Вернулся Федя. Принес кувшин молока, краюху ржаного хлеба и кусок сала.
— Ого! Богато живете, мужички! — встретил его улыбкой Стрельцов. — Только вот еда-то в меня сейчас не пойдет. Молока выпью. А вы идите-ка, извещайте о сходе. Он сегодня обязательно должен собраться.
Но сходу в этот день так и не суждено было состояться. Едва они вышли на улицу, как с выгона послышался какой-то треск, вроде бы частые выстрелы, но не такие громкие.
— Автомобиль! — первым догадался Иван, видевший несколько раз такую машину в городе.
С выгона в село действительно въехал грузовой автомобиль. Для села это была невиданная машина. Из окон, из ворот выглядывали старые и малые, не решаясь, впрочем, выйти на улицу: бог его знает, что за телега своим ходом катит, и к тому же полная вооруженных людей. Чего от них мужику ожидать?
Машина направилась к сельскому Совету. Иван, Федя и Семен бросились следом. Когда они подбежали, из остановившегося автомобиля соскакивали на землю люди в штатской одежде, но все с винтовками, с гранатами у пояса, а из кабины вылез сам секретарь укома большевиков товарищ Полозов.
Он сразу узнал подбежавшего Ивана.
— А, старый знакомый! Ну, здравствуй! — протянул он Ивану руку. — Где Стрельцов?
— Вот у него, — показал Иван на Федю, — на гумне.
— Сильно покалечили?
— Голову поранили, два зуба вышибли.
— Давайте ведите к нему. — Полозов обратился к высокому человеку в военном костюме: — Товарищ Колокольцев, располагайтесь здесь, а мы сейчас вернемся.
По пути на федотовское гумно Полозов расспрашивал, что же произошло в селе, как удалось освободить Стрельцова. Выслушав не особенно складный рассказ Ивана о том, как подняли панику, перепугали бандитов, Полозов не удержался — весело, заливисто расхохотался.
— Молодцы, ребята! — И, взглянув на Ивана внимательно, уже серьезно сказал: — А трюк-то рискованный придумали. Будь бандиты поумнее, как цыплят перестреляли бы вас да и Стрельцова… Впрочем, без риска сегодня нельзя. — И спросил: — А комсомольскую ячейку оформили?
— Нет. Только программу и устав сегодня ночью прочитали.
— Ну и как? Согласны?
— Конечно, согласны.
— Тогда считайте себя комсомольцами. Вы на деле показали себя помощниками партии. Спасибо вам, ребята. Оформить ячейку я немедля поручу укомолу, а вы сегодня же заявления напишите…
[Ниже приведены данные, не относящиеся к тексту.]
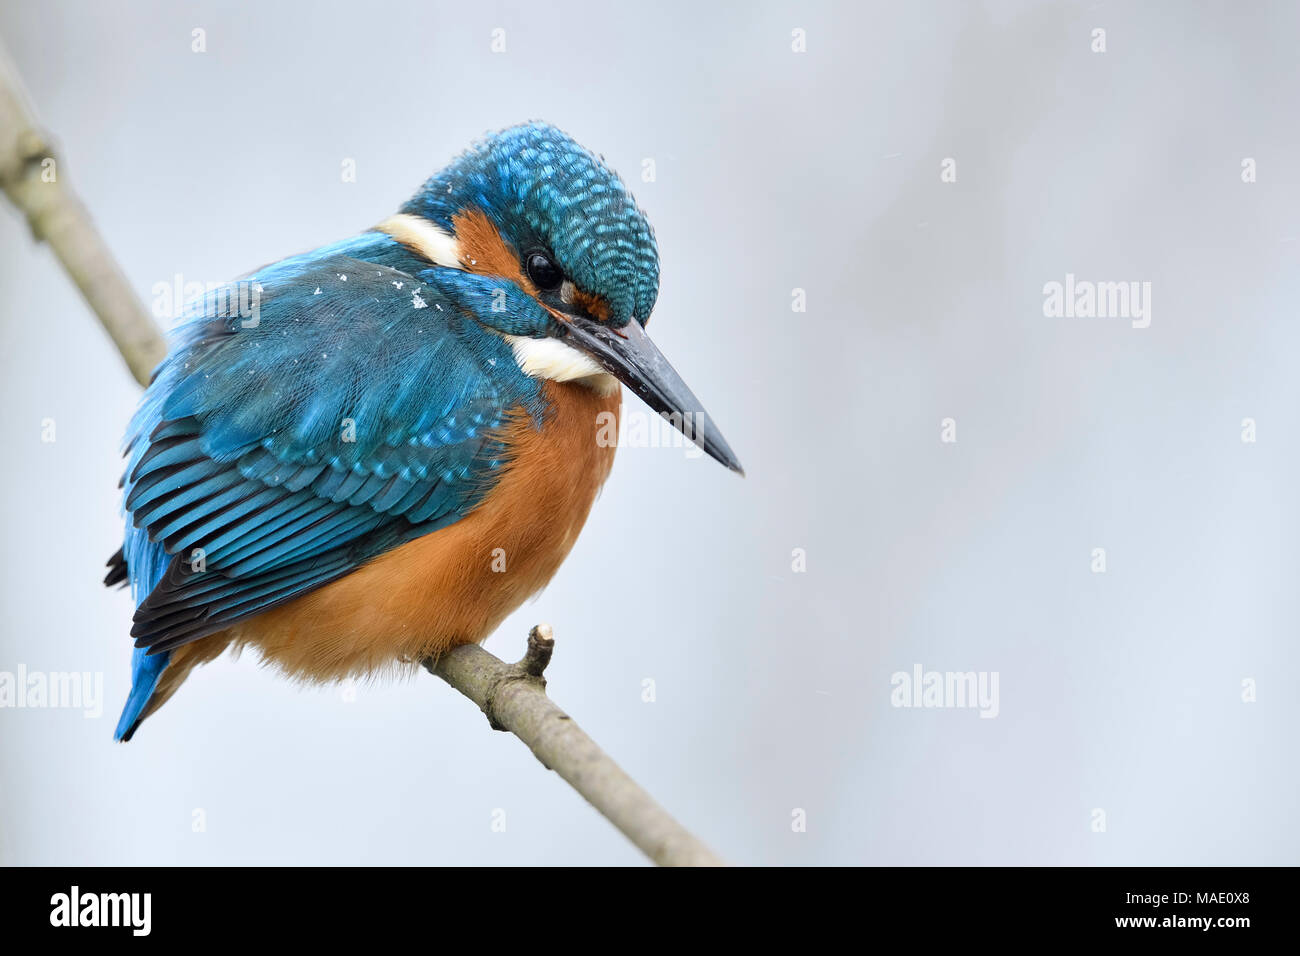 Kingfisher eurasien Alcedo atthis Optimize ( / ), homme en hiver, perché sur une branche avec des flocons de neige sur le dos, de la faune, de l'Europe. Banque D'Images

Стрельцов, увидев Полозова, попытался подняться на ноги, но секретарь его остановил:
— Лежи, лежи, Митя! Пострадал, говоришь?
— Да я уже в полном порядке. Только зубов жалко.
— Новые вставим. Так, выходит, неспокойное здесь место?
— Бандиты нахальничают, а мужики здесь хорошие. Правильные мужики.
— Кончать будем с бандитами. Такой Русайкин последний в уезде остался. Кончим, — решительно заявил Полозов. — Отряд ЧОНа прибыл. Чекисты должны сейчас подъехать. К вечеру каввзвод подойдет. Прочешем лес и всех блох выловим.
— До вечера Русайкина предупредят, и они смоются, — вмешался Федя.
— Предупредят? — сразу насторожился Полозов. — Есть кому?
— Как не быть! Яшка Захаркин с ними связь поддерживает, — объяснил Федя.
— Постой! — вдруг вспомнил Иван. — Ведь и вчера, как приехал Стрельцов, Яшка на коне в лес метнулся. Степан же сам видел, когда стадо гнал. Значит, бандиты не случайно явились ночью.
— Случайно, друг, ничего не бывает, — усмехнулся Полозов. — И такую случайность мы предусмотрели. Ну как, Митя, здесь полежишь еще или перенесем тебя в сельсовет?
— Нет, нет, я сам! Еще не хватало меня по селу на руках нести! — запротестовал Стрельцов. Собрав силы, он встал, переступил ногами. — Ноги двигаются, доберусь своим ходом.
— Ну, тогда пошли помалу, — сказал Полозов и крепко взял Стрельцова под руку…
…Теперь у сельского Совета, преодолев опасения, собралось чуть ли не все село.
Машин прибавилось: приехали чекисты тоже на старом, пыхтящем, стреляющем дымом грузовичке.
На крыльце стоял Сергунов. Полозов крепко пожал ему руку.
— Здравствуй, Сергунов! Хорошо, что подоспел. Ты здесь очень нужен.
— Чекисты из города с собой прихватили, вот быстро и обернулся, — объяснил Сергунов, здороваясь с подошедшими.
В сельсовете на лавке сидел не кто иной, как Яшка Захаркин.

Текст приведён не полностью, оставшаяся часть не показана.